Homology based search

Overview

Teaching: 0 min
Exercises: 30 min

Questions

• If we classify our viral sequences with Blast, in which cases do you expect that blast sequence searches result in good hits? What would you do if your sequence hit different viral (or bacterial) sequences with low coverage of your query sequence, or low sequence identity with the hit?

Objectives

• Run megablast on viral contigs

After you’ve assembled metagenomes (day 1) and identified putative viral contigs (day 2), you probably want to know which viruses you’ve recovered – that is, assign taxonomy. The first thing you might want to do is check whether it is a known virus by searching for highly similar viruses in any of the databases. From day 2 you might remember that homology-based searches will only get you so far for identifying uncultivated viral sequences, as a large part of the virosphere is still uncharted. But if your virus has been sequenced & described before you probably want to know that, because it can save you a lot of time.

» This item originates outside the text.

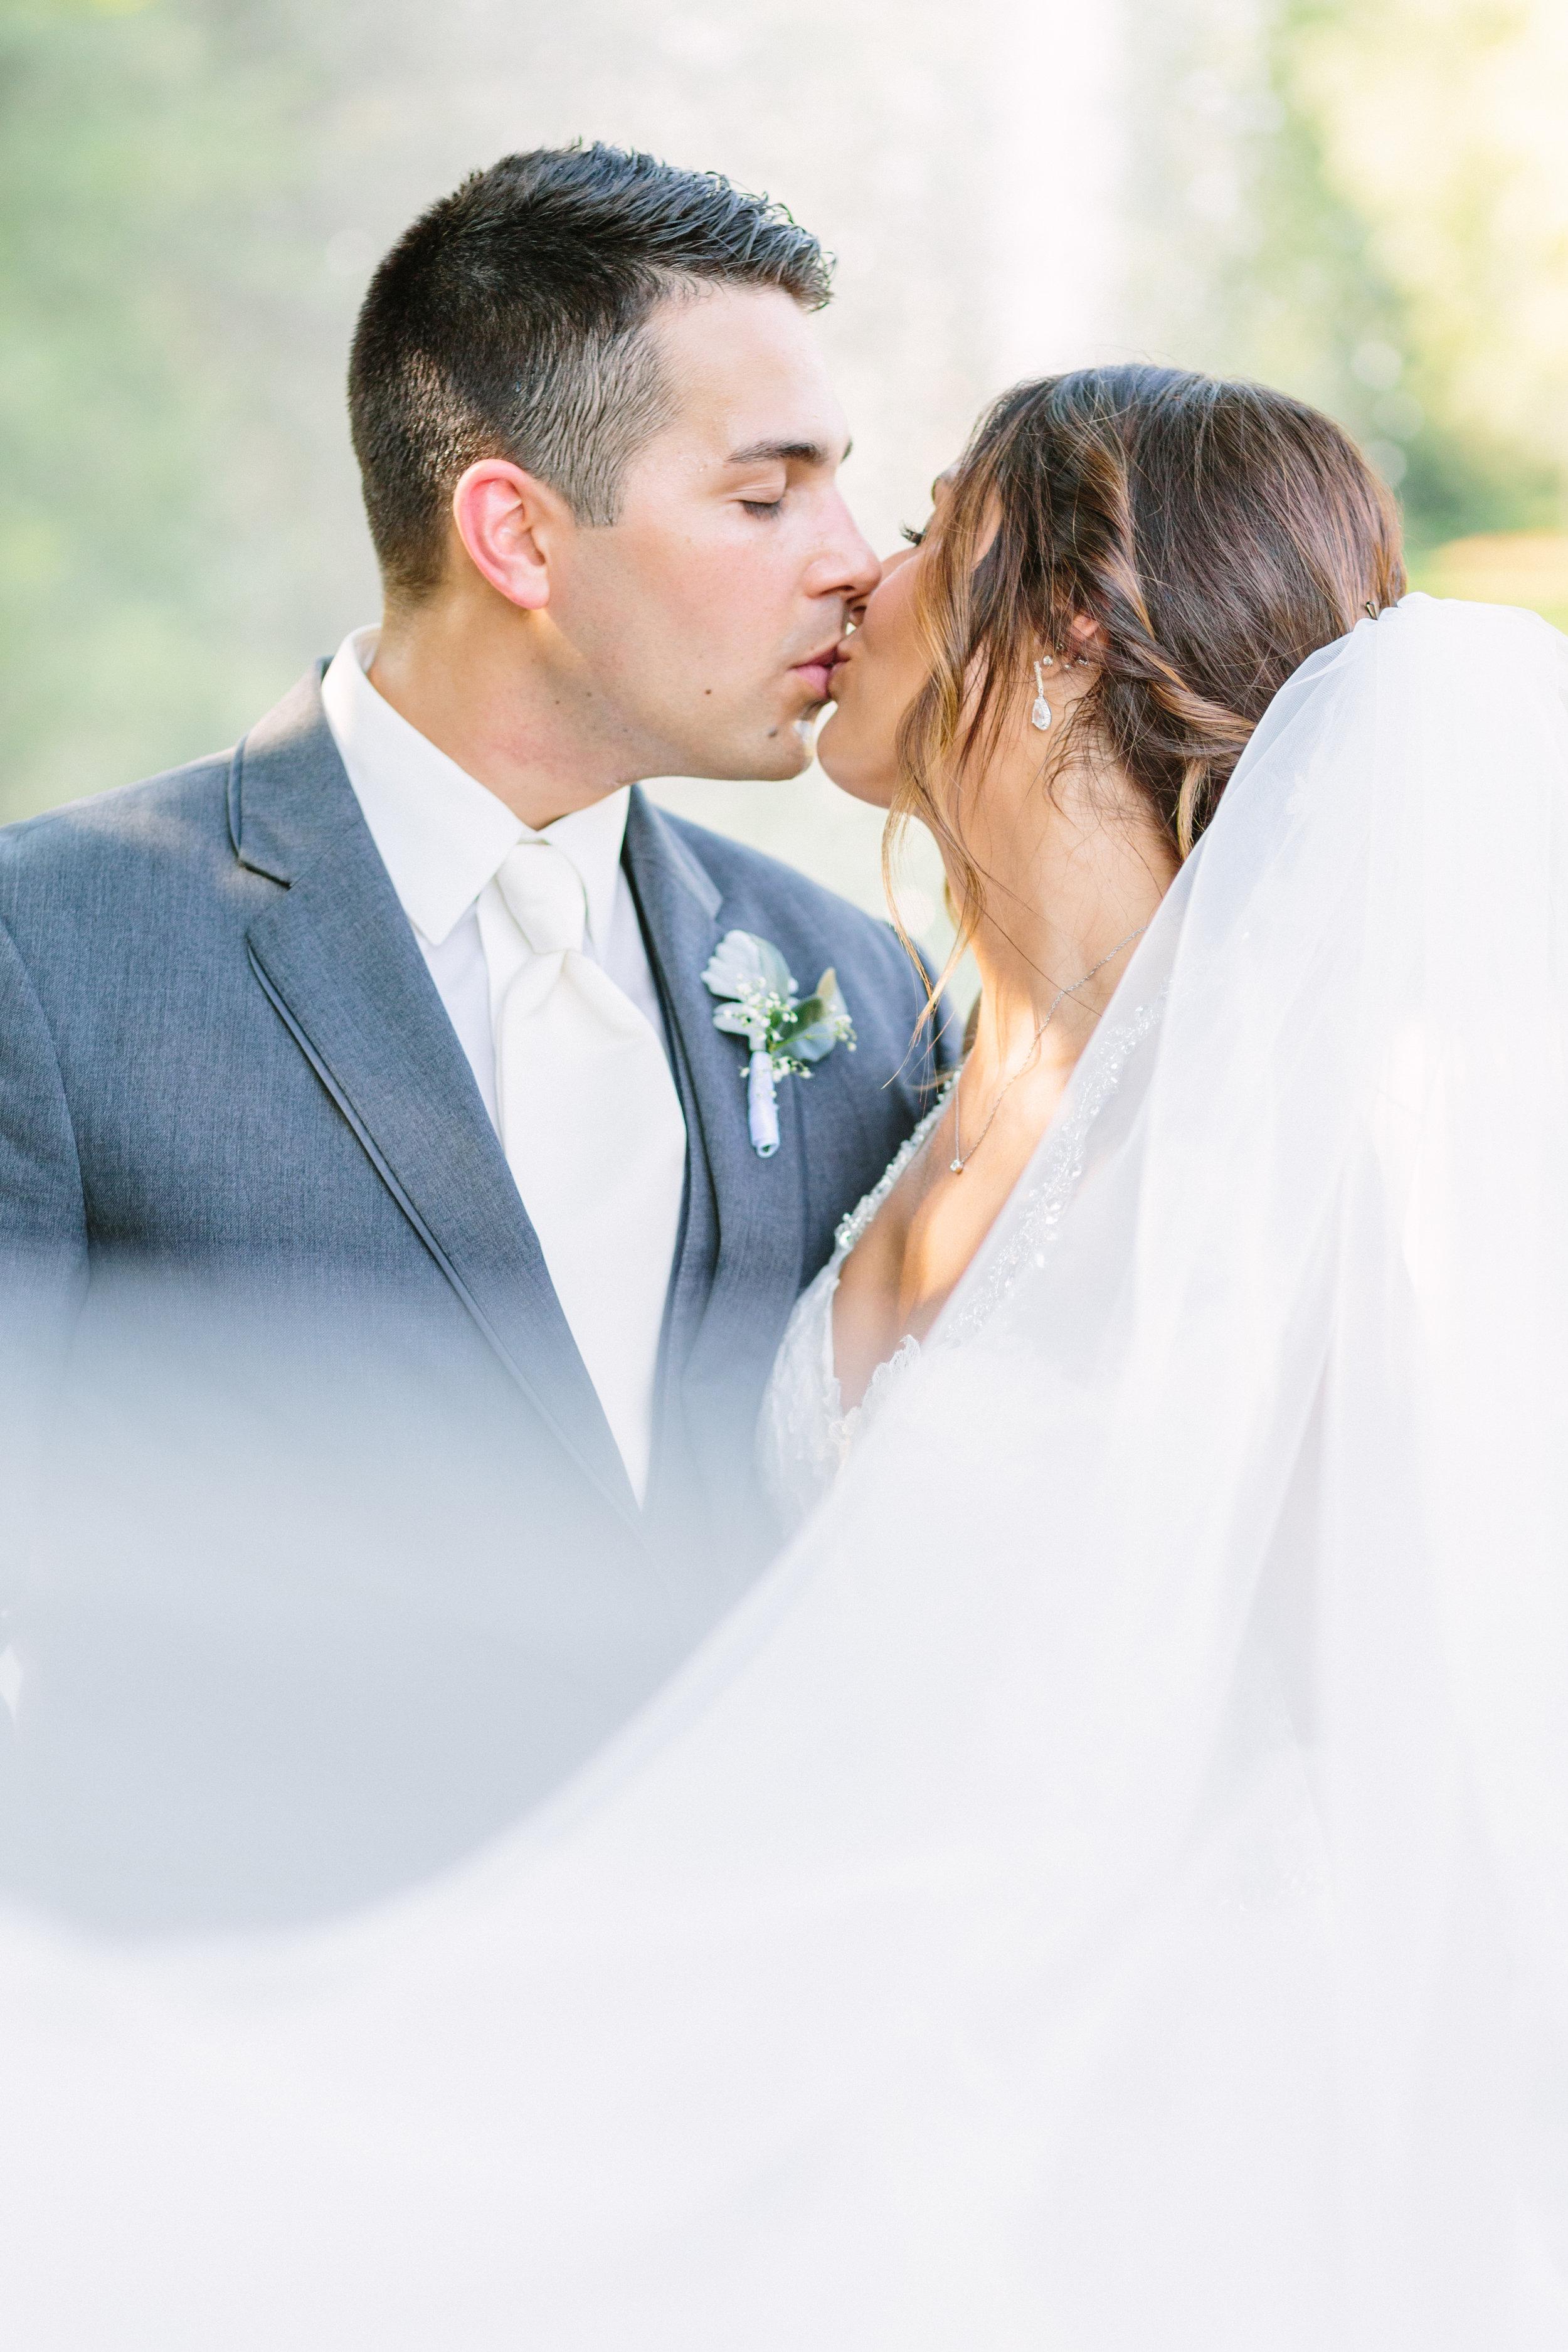 Elegant fine art wedding photography at fellows riverside gardens

Blast a few of the binned contigs (from day 1) with Blast by opening the file in a text editor and copying (part) of the fasta sequence in the browser in the field marked ‘Enter Query Sequence’ (see figure “A”). Another option is to use the terminal and select & copy the sequence from the terminal:

# go to folder containing bins from day 1
cd /path/to/bins/from/day1

# check which files are present
ls

# pick a bin (e.g. bin_03.fasta) and look at the first 150 lines of that file
head -100 bin_03.fasta

# or use a combination of 'head' and 'tail' to look at a part somewhere in the middle:
head -4000 bin_03.fasta | tail -250

# Note:
# bins typically contains multiple contigs. If you want to blast multiple contigs,
# just make sure that they contain the header lines (starts with ">") in between.
# You can select the results for each of the sequences on the blast results page.

# Note:
# Don't do this for many or very long sequences since we don't want to overload the blast server.
# If you want to search a lot of sequences in this way (NOT recommended!) you would
# use a command line blast version on your own server.

For “Database” (B) select Nucleotide collection (nr/nt) or RefSeq Genome database. For ‘Programs selection’ (C) choose Megablast. This is the least sensitive, but also the fastest of the different blast flavors. Click the blue “Blast” button and wait for the results.

Question: Blast results

Inspect the “Descriptions”, “Graphic summary” and “Taxonomy” tabs to answer the following questions:

• What is the top hit? Do you have a single good hit or multiple hits?
• What is the length of aligned region in the query and target?
• What is the percent identity?
• Can you assign the contig to a taxonomic group? Why (not)?

Try a few different sequence parts of the bin, and try a few other bins. Discuss what you find with your neighbour.

Key Points

• Sometimes you might find a good hit, for example for the crAssphage bins, or for many of the well-described viruses infecting humans. In other cases, we need more sophisticated search strategies to assign a given viral sequence to a previously described taxon.